Also note that it's not really a "virtual machine" comparable with java, this is how the developers actually describe it

    In a nutshell, nftables provides a pseudo-state machine with 4 general
    purpose registers of 128 bits and 1 specific purpose register to store
    verdicts. This pseudo-machine comes with an extensible instruction set,
    a.k.a. "expressions" in the nftables jargon. The expressions included
    in this patch provide the basic functionality, they are:
    
    * bitwise: to perform bitwise operations.
    * byteorder: to change from host/network endianess.
    * cmp: to compare data with the content of the registers.
    * counter: to enable counters on rules.
    * ct: to store conntrack keys into register.
    * exthdr: to match IPv6 extension headers.
    * immediate: to load data into registers.
    * limit: to limit matching based on packet rate.
    * log: to log packets.
    * meta: to match metainformation that usually comes with the skbuff.
    * nat: to perform Network Address Translation.
    * payload: to fetch data from the packet payload and store it into
      registers.
    * reject (IPv4 only): to explicitly close connection, eg. TCP RST.
    
    Using this instruction-set, the userspace utility 'nft' can transform
    the rules expressed in human-readable text representation (using a
    new syntax, inspired by tcpdump) to nftables bytecode.

krakensden · on Jan 20, 2014

I don't even think this is the first vm in the networking part of the kernel.

justincormack · on Jan 20, 2014

No, BPF is very old.

bjackman · on Jan 20, 2014

Great summaries, thanks! I love when kernel news is made as accessible as this (thanks also to LWN).

Looks like a pretty major release. I only wish I had a rackfull of cutting-edge SSDs to try out the new block layer on!

pshc · on Jan 20, 2014

Anyone heard any news on Google's user mode thread[1] kernel syscalls? I was really excited for that when it was announced but haven't heard a peep about it since.

[1]http://youtube.com/watch?v=KXuZi9aeGTw

gcr · on Jan 21, 2014

Is this similar to the old "Scheduler Activations" idea? http://homes.cs.washington.edu/~tom/pubs/sched_act.pdf

I'd love to see that idea wind up in a mainstream kernel.

twic · on Jan 21, 2014

It was in FreeBSD!

http://www.freebsd.cz/kse/index.html

For some reason, it didn't work out, and FreeBSD switched back to conventional threads, around 7.0, i think.
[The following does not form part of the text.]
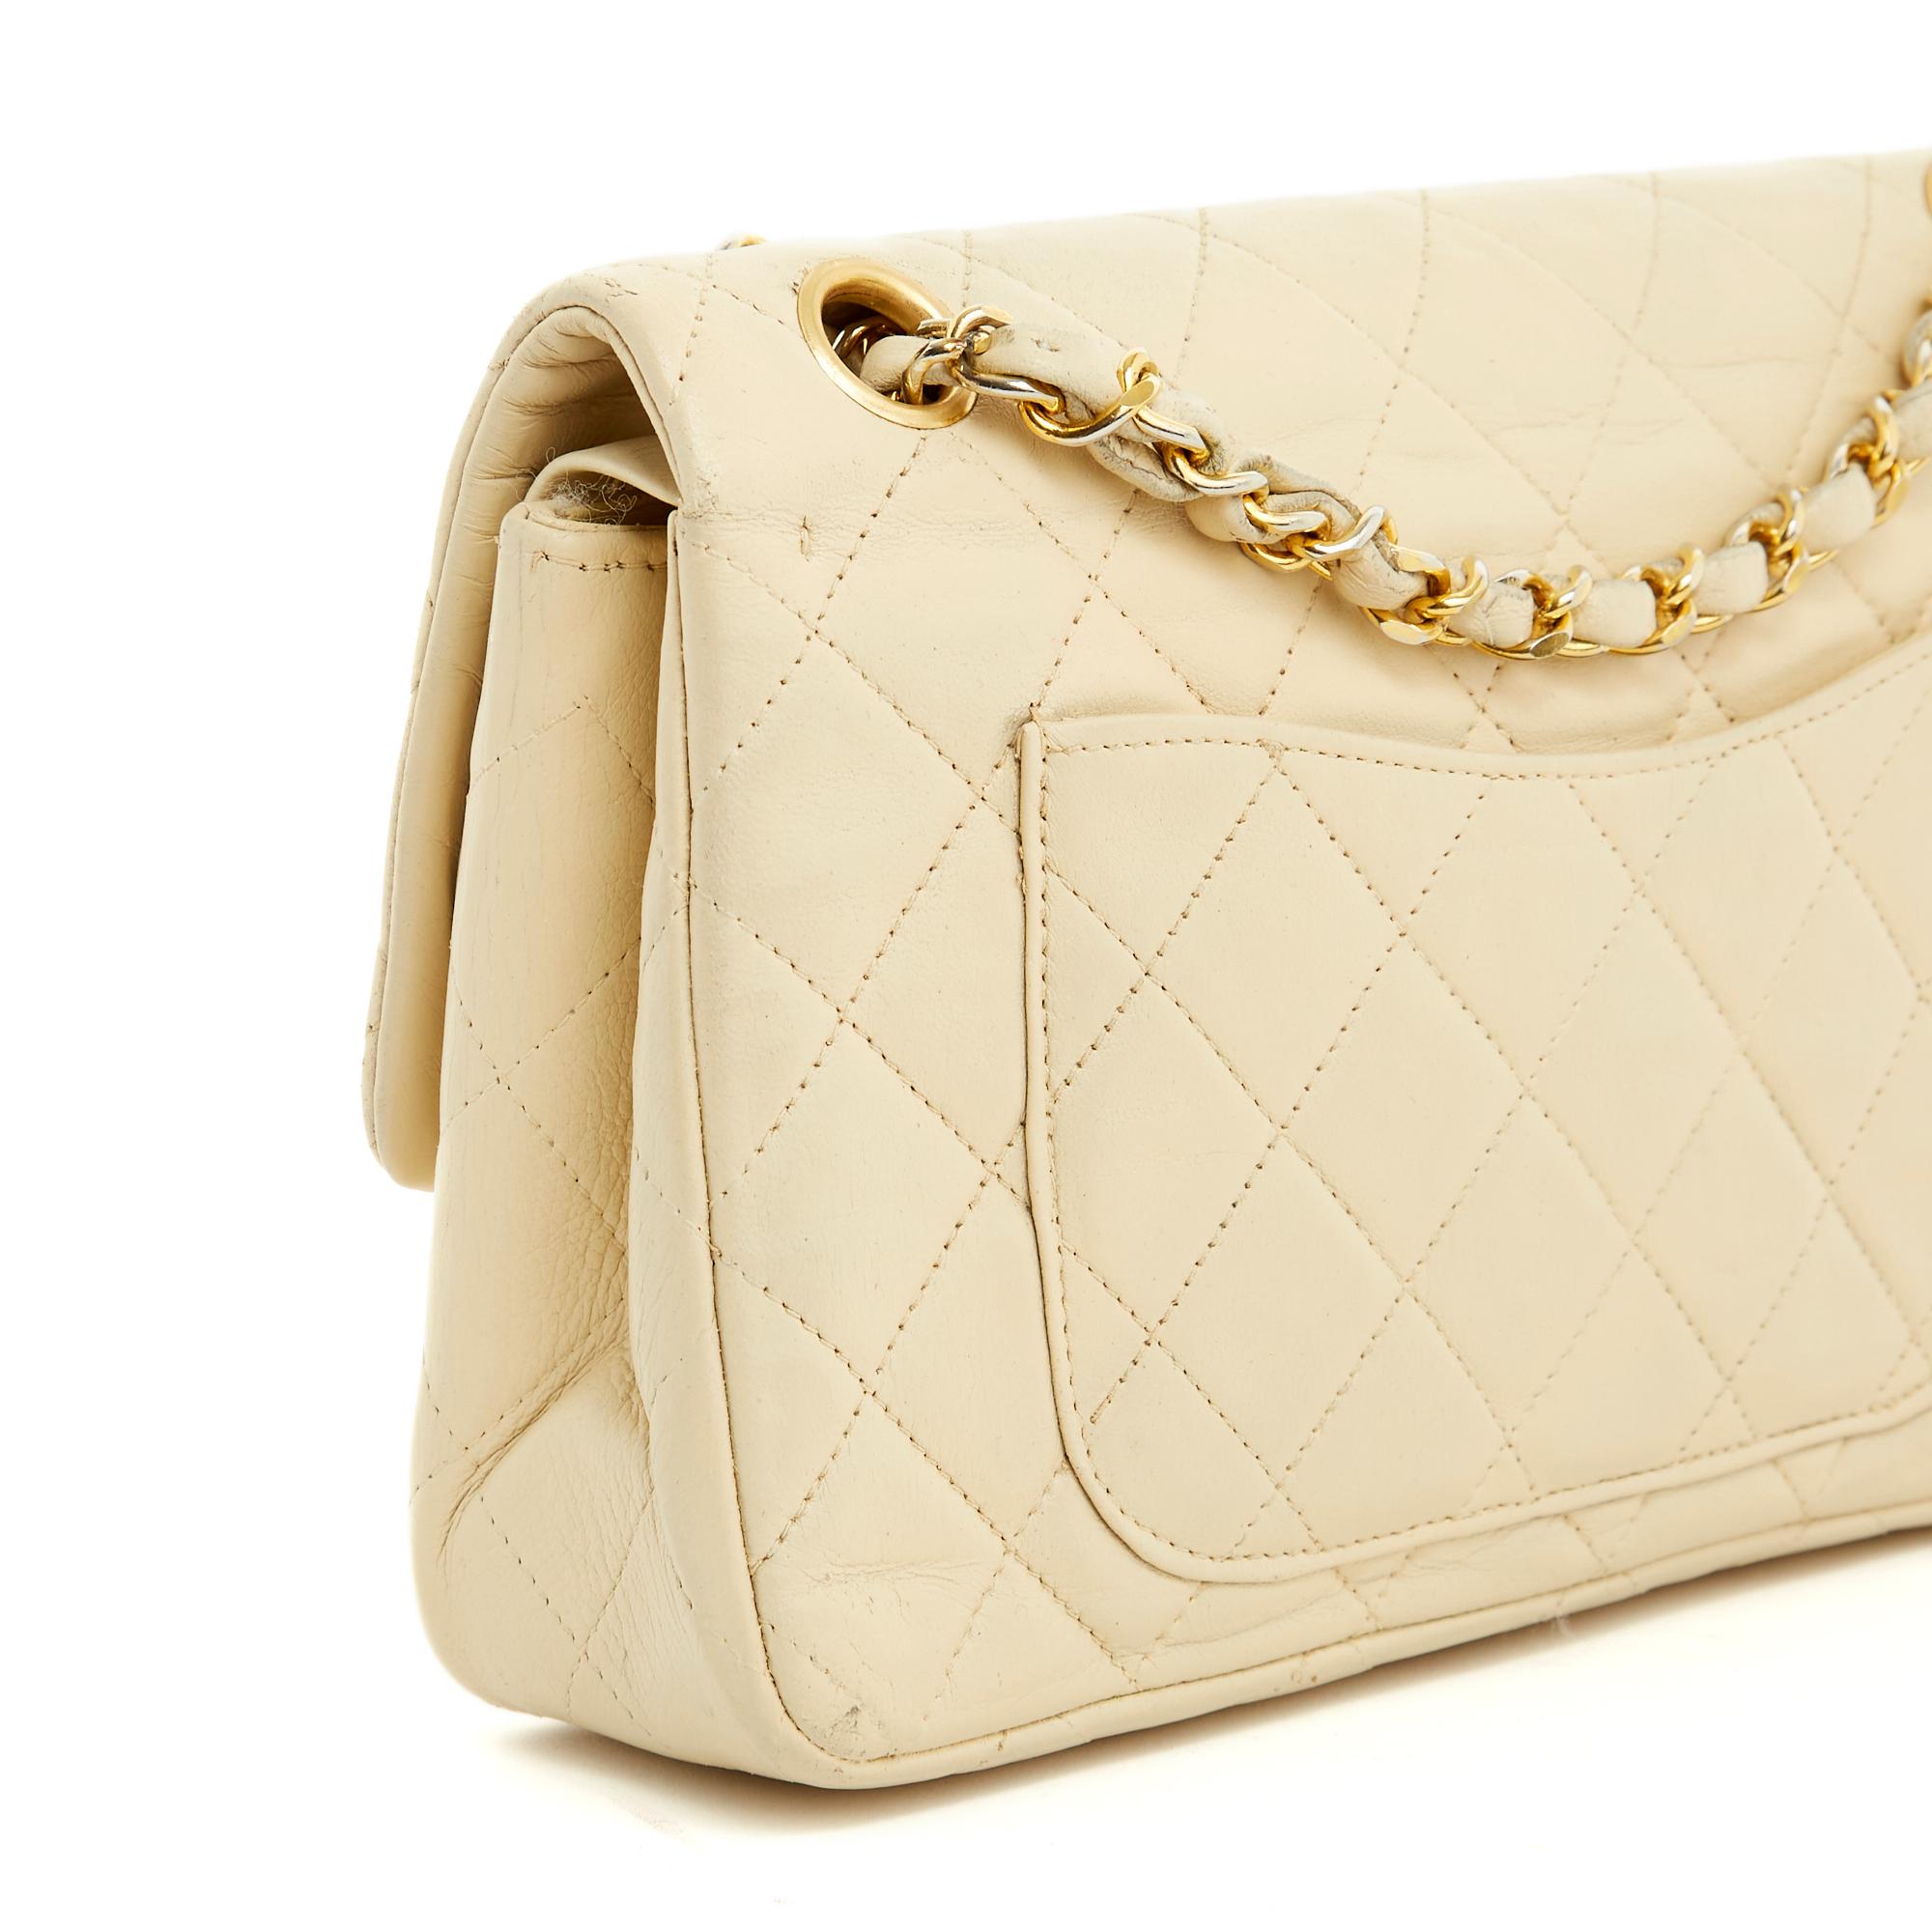 Chanel Sac Classique Timeless Bag double flap vanilla vintage 1

nopaste7 · on Jan 20, 2014

They never showed up on LKML.

arielweisberg · on Jan 20, 2014

Great to see the NUMA balancing in. My question has always been what workloads require NUMA balancing in the first place? If I present the kernel with the same number of threads as cores and keep all data local to a thread would the existing approach of allocating on the NUMA node the thread is running on have been enough?

diegocg · on Jan 20, 2014

This article explains the NUMA improvements in this release https://lwn.net/Articles/568870/

fsaintjacques · on Jan 20, 2014

When your process use more than half of the memory, e.g. DBs.

arielweisberg · on Jan 20, 2014

The kernel will balance loaded threads across cores so with a policy of allocating off the local NUMA node you actually end up with balanced allocations in practice if you run shared nothing thread per core.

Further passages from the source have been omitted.